**What you have to do**
Output, word for word, each line from the one with "The Titan II" through the end of the listing below, excluding every picture.

**Recorded information**

Content starts

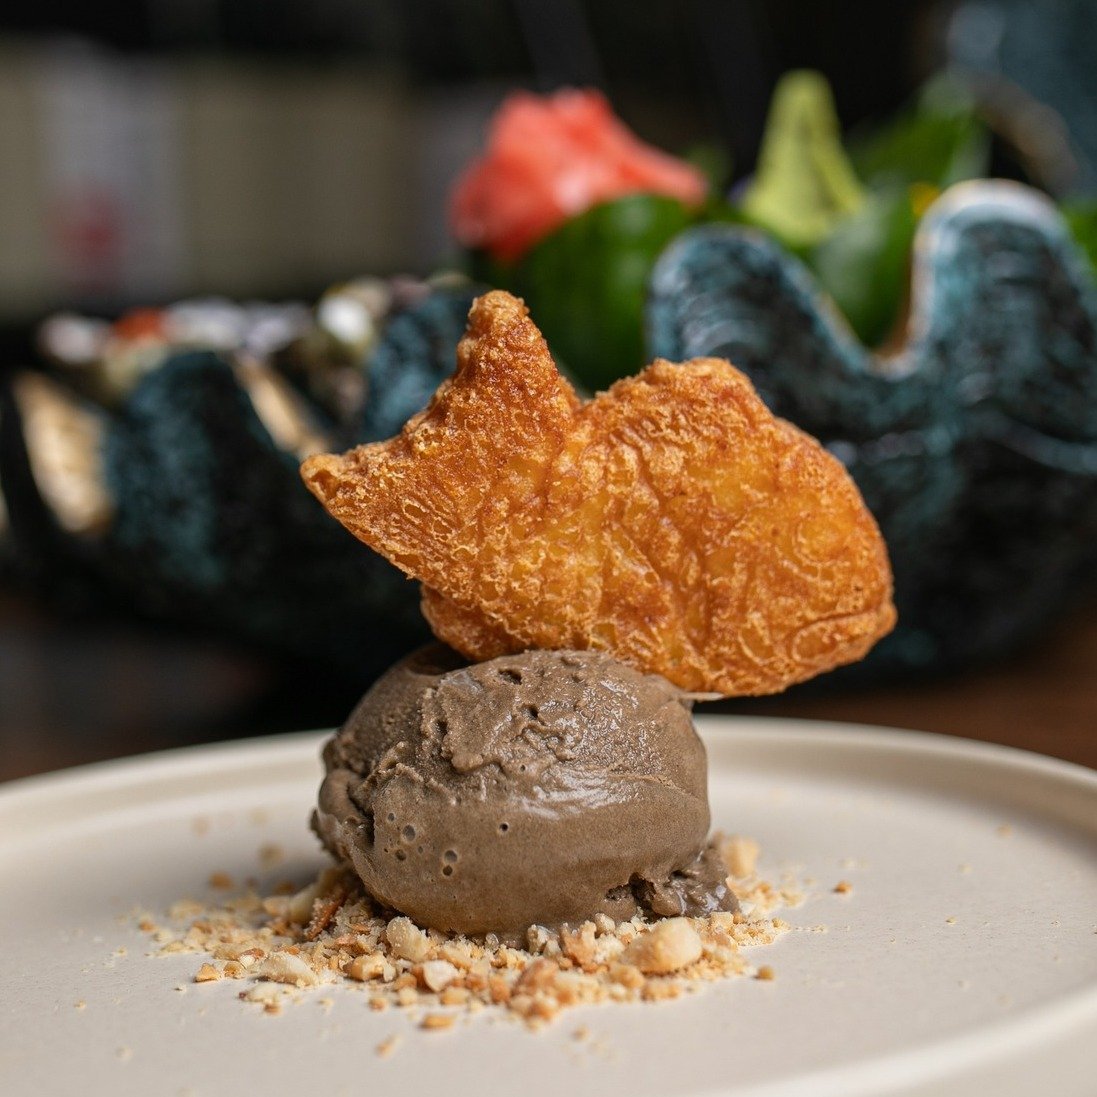 Sweeten up your day with our Custard Taiyaki! Delight in the adorable fish-shaped pancake filled with creamy custard, accompanied by a scoop of luscious black sesame ice cream. 

#ChopChop #Canberra #Restaurant
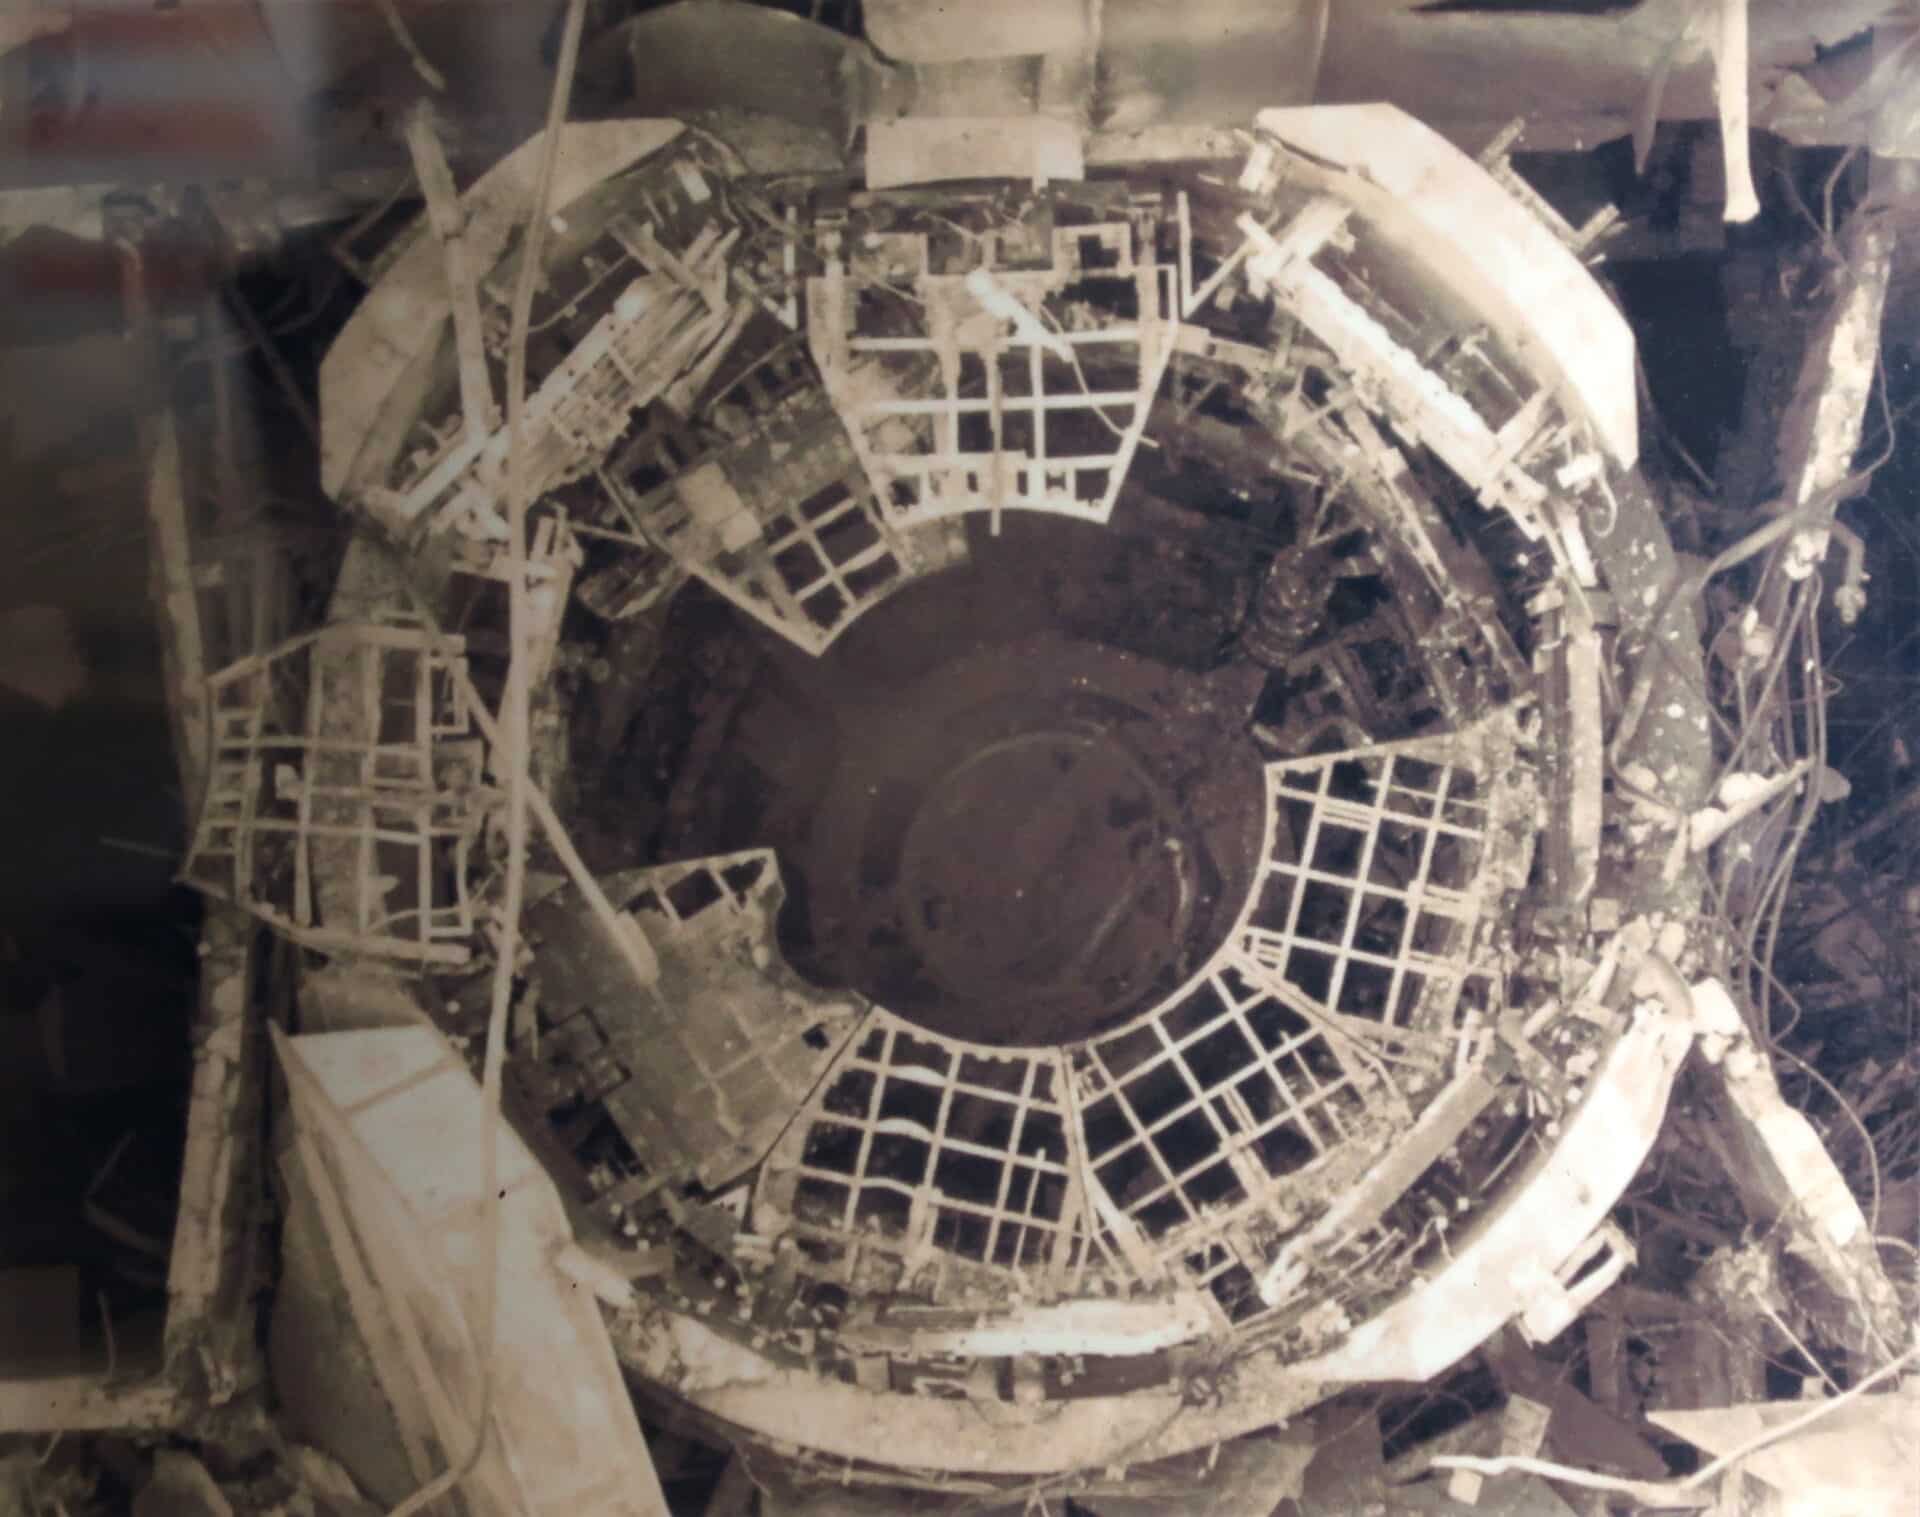 The Titan II missile silo in Damascus, Arkansas after the September 19, 1980 explosion. (Kelly Michal / Flickr CC BY-NC)
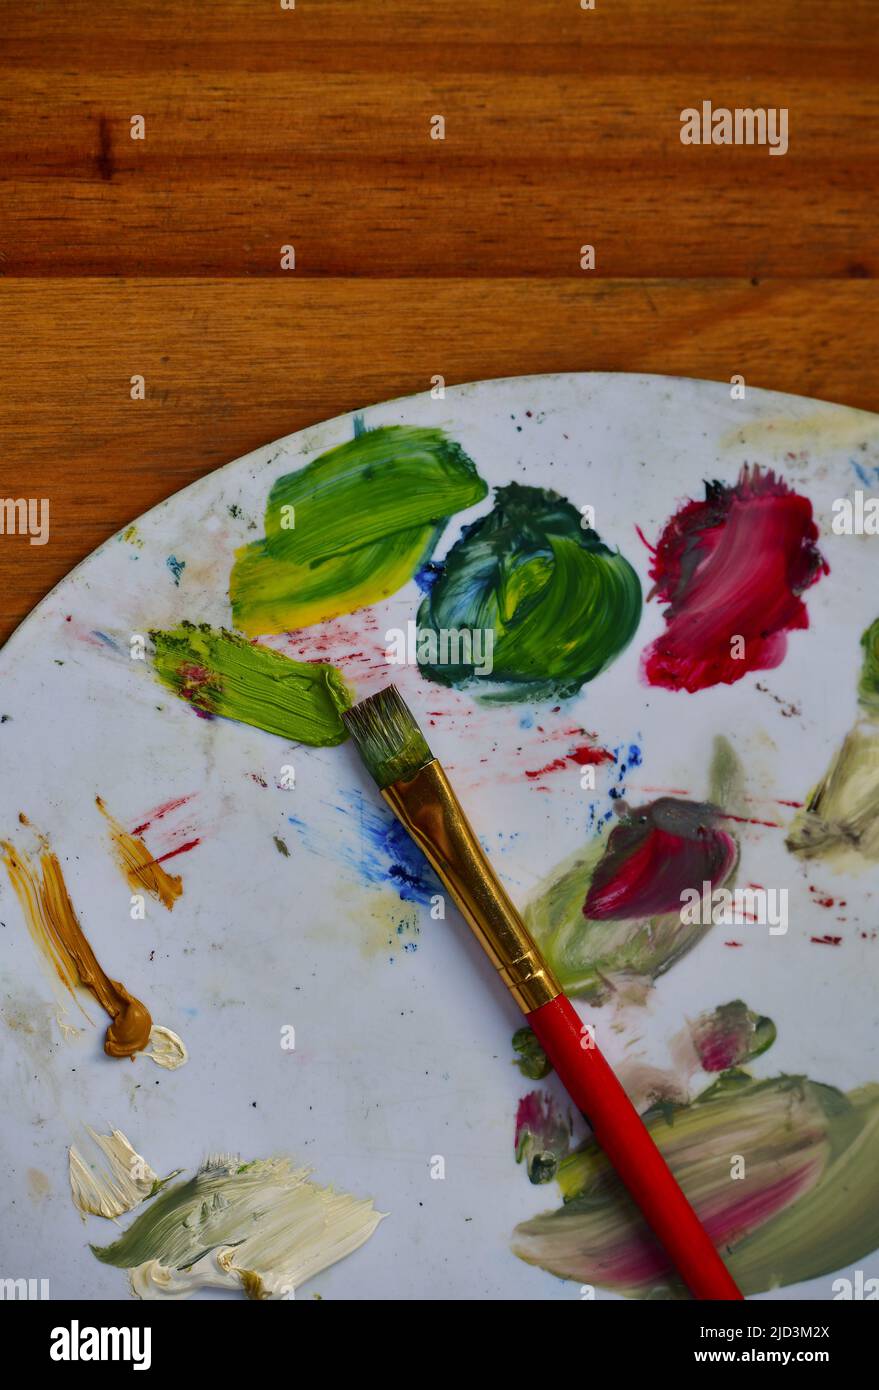 Top view of a painters palette with colors and brush Stock Photo

Content ends

**The answer**
 The Titan II missile silo in Damascus, Arkansas after the September 19, 1980 explosion. (Kelly Michal / Flickr CC BY-NC)
 Top view of a painters palette with colors and brush Stock Photo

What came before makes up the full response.